In an editorial published on Tuesday (“Financing Health Care Reform”), the Times wrote that the administration “is right to insist that reform be fully paid for over the next decade lest it drive up the federal deficit ... That means either cutting spending or raising additional money.”

The newspaper endorsed the general plans of the administration to cut costs throughout health care. In doing so, it underscored one of the main underlying goals of the administration’s proposals: reduce spending on the principal health care programs for the poor and elderly.

It is necessary to begin “cutting and reallocating hundreds of billions of dollars from projected spending on Medicare and Medicaid, as the Obama administration has proposed and Congress is considering,” the Times wrote. “Just to be sure, Congress ought to establish a fail-safe mechanism that could impose additional cuts after a few years if savings are less than projected.”  

The Times also endorsed eliminating or capping a tax exemption for employer-provided benefits and proposed a series of regressive consumption tax increases (on alcohol and sugared drinks, for example), along with limiting itemized deductions for the wealthy. 

An article in the Times on Wednesday (“In Health Reform, a Cancer Offers an Acid Test,”) sheds further light on what is meant by “eliminating inefficiencies” in health care. 

The author, David Leonhardt, has emerged as a leading champion of “rationing.” An earlier column by the same author insisted that there was no choice but to ration health care—it only had to be done more efficiently than at present. And it was in an interview with Leonhardt that Obama first suggested that his grandmother should not have received a government-funded hip replacement, worrying that “those toward the end of their lives are accounting for potentially 80 percent of the total health care bill.” (See, “The Obama recovery”).

In his latest article, Leonhardt sets his sights on a relatively expensive new treatment for prostate cancer, known as proton radiation therapy. The treatment involves proton accelerators “that can be as big as a football field,” he complained. 

At first, Leonhardt argues that there is no scientific evidence that proton treatment is any better than other forms of treatment. This is an example of wasted money, he claims. The less expensive procedures should be used instead.

At the end of the article, however, Leonhardt gets to the real issue driving the “cost” question: eliminating treatments even if they are better: “Imagine if further prostate research showed that a $50,000 dose of targeted radiation did not extend life but did bring fewer side effects, like diarrhea, than other forms of radiation. Should Medicare spend billions to pay for targeted radiation? Or should it help prostate patients manage their diarrhea and then spend the billions on other kinds of care?”

“The answer isn’t obvious. But this much is: The current health care system is hard-wired to be bloated and inefficient. Doesn’t that seem like a problem that a once-in-a-generation effort to reform health care should address?”

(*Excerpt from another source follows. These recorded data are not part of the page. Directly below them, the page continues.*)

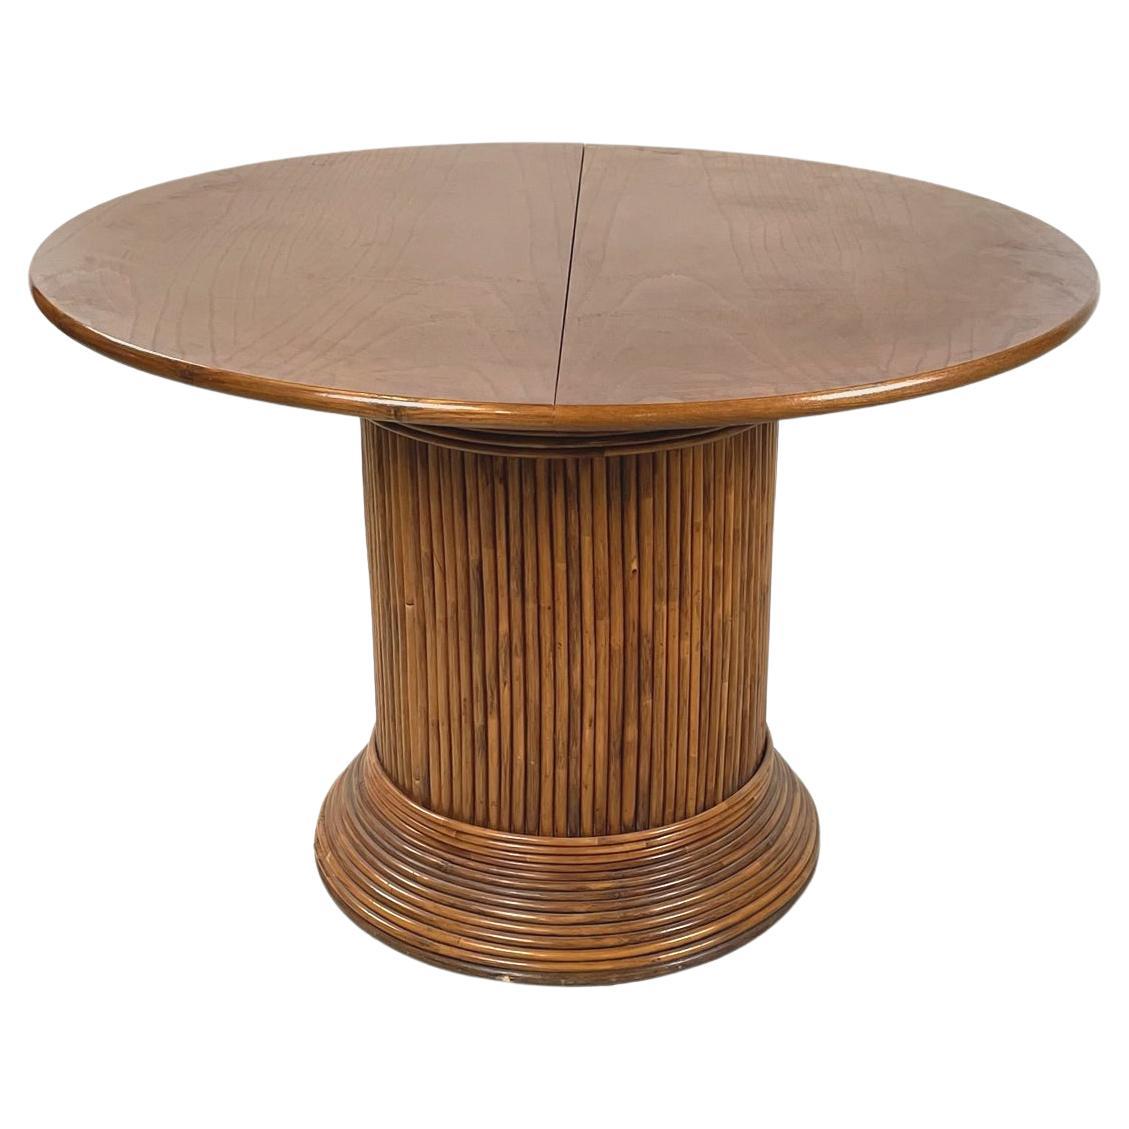 Italian mid-century Round or oval wooden dining table with extensions, 1960s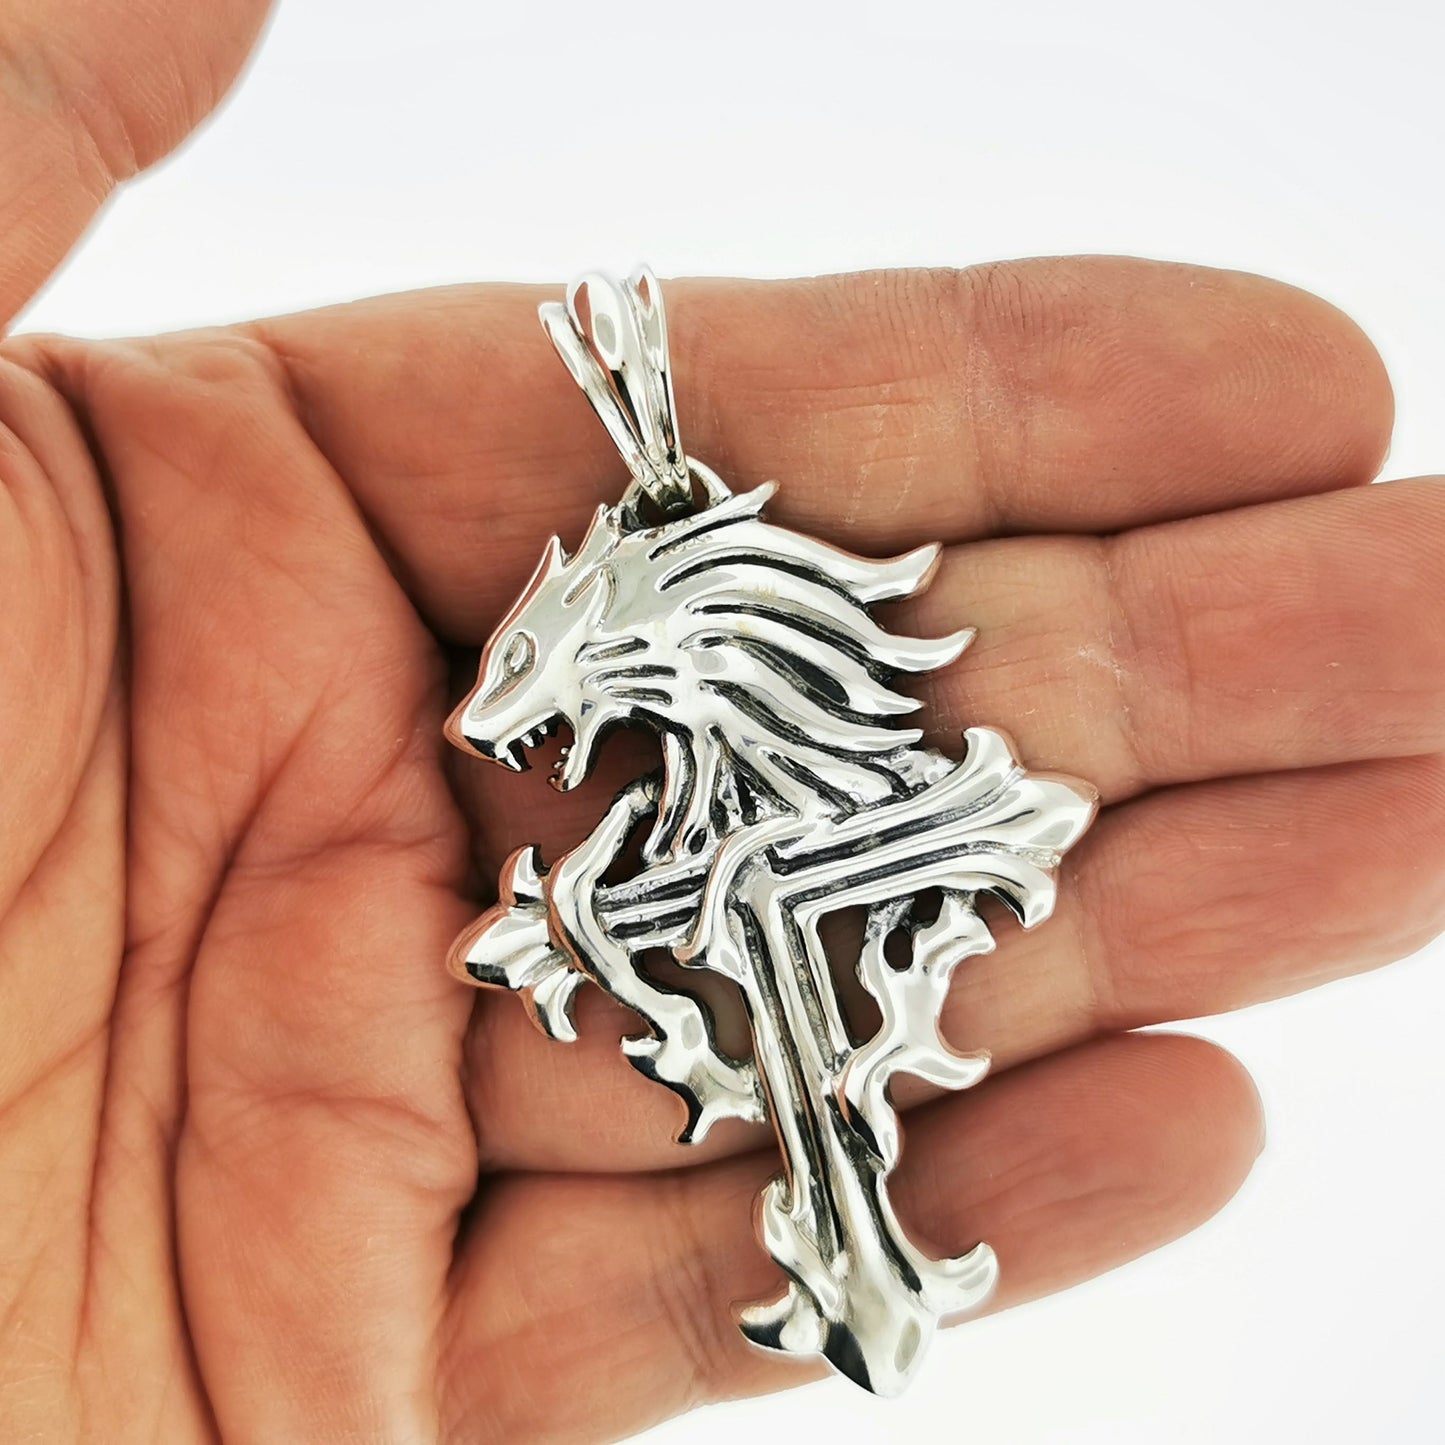 Final Fantasy 8 Squall Griever Pendant in Sterling Silver, FFVIII Cosplay Pendant, FFVIII Sleeping Lion Pendant, FFVIII Pendant, Final Fantasy 8 Sleeping Lion Pendant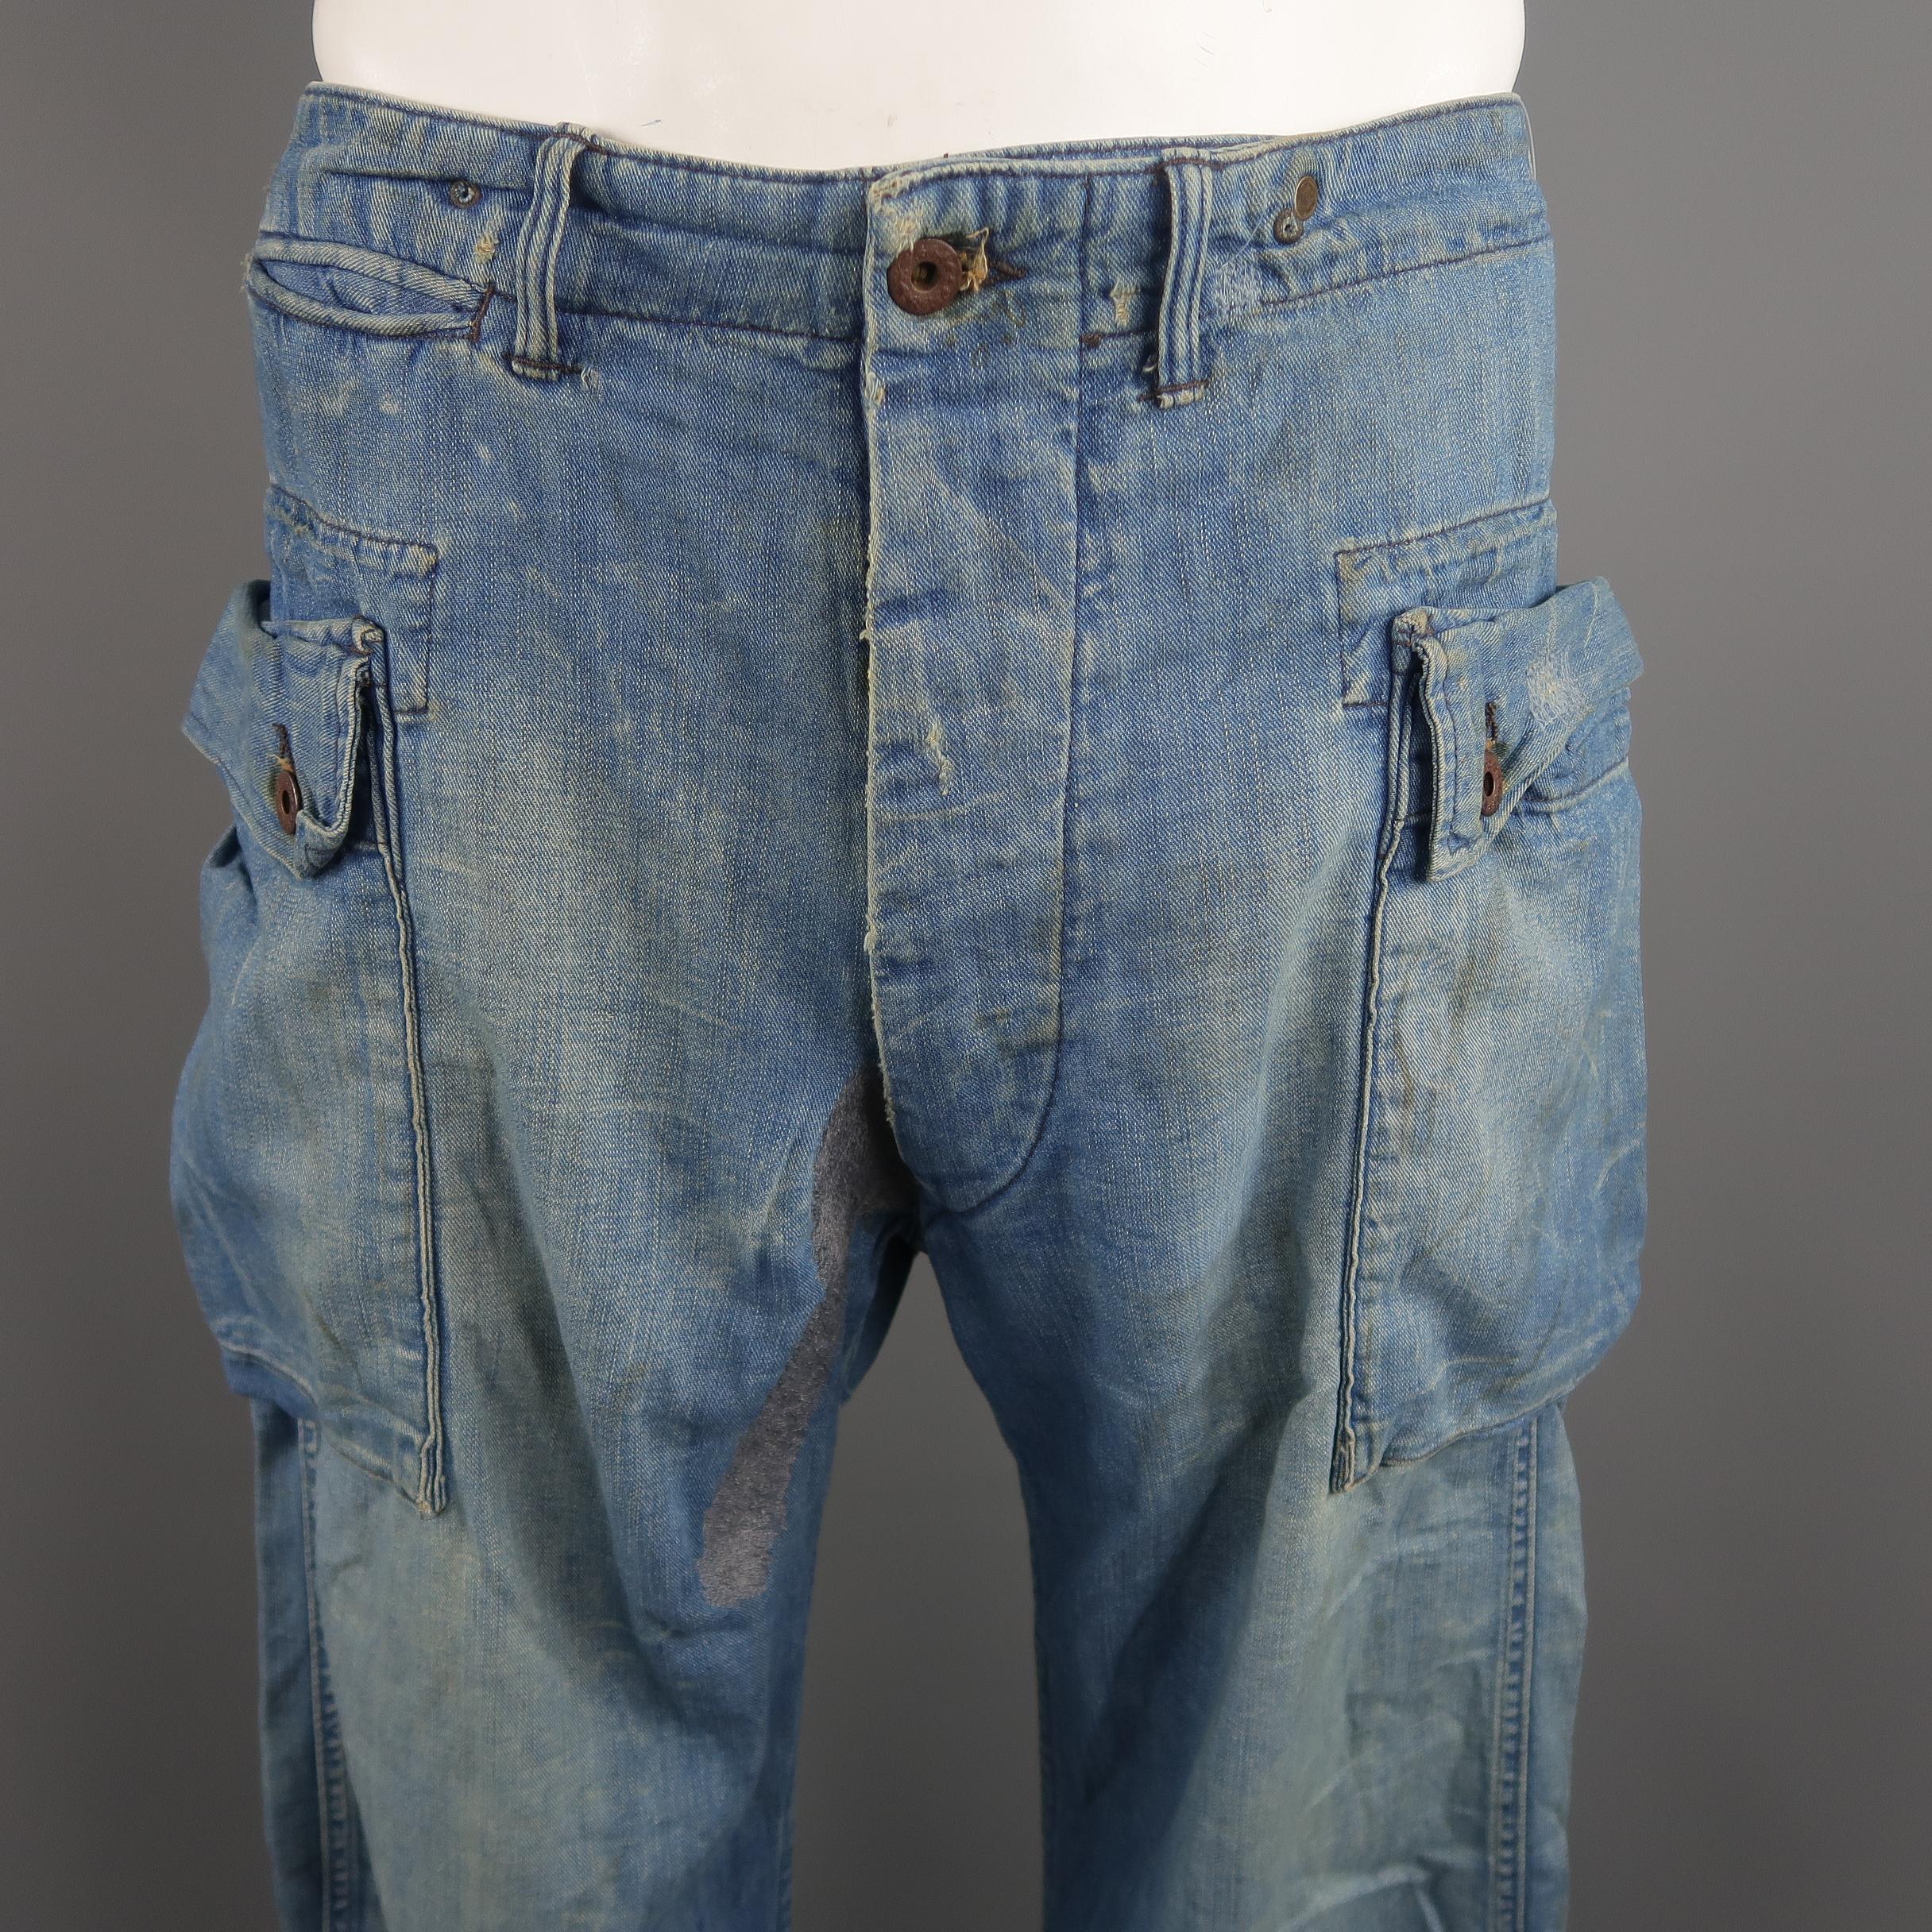 RRL by Ralph Lauren pants come in washed and distressed medium wash denim with a button fly, oversized cargo pockets, and reconstructed stitch embroidery details. Made in USA.
 
Good Pre-Owned Condition.
Marked: 33 x 32
 
Measurements:
 
Waist: 36

An article in the Washington Post on Wednesday quoted “a senior administration official who requested anonymity” asking the same question: the proposed reforms were not yet directly addressing the “harder question,” he said: What to do “if new technology does work better and reduces risks but costs a lot more, and how to evaluate that.”

In fact, this is the main issue that is being discussed behind the scenes, and for the administration and the corporate elite, the answer is clear: more expensive treatments will not be allowed for those who cannot afford them. This will extend not only to proton treatment for prostate cancer, but all manner of procedures.

The ultimate aim is to establish a system in which the vast majority of the population will receive inadequate or no health care, where the majority of the elderly simply can’t receive more expensive treatments because they are expected to die soon anyway. The rich, of course, will continue to be able to afford the best possible care.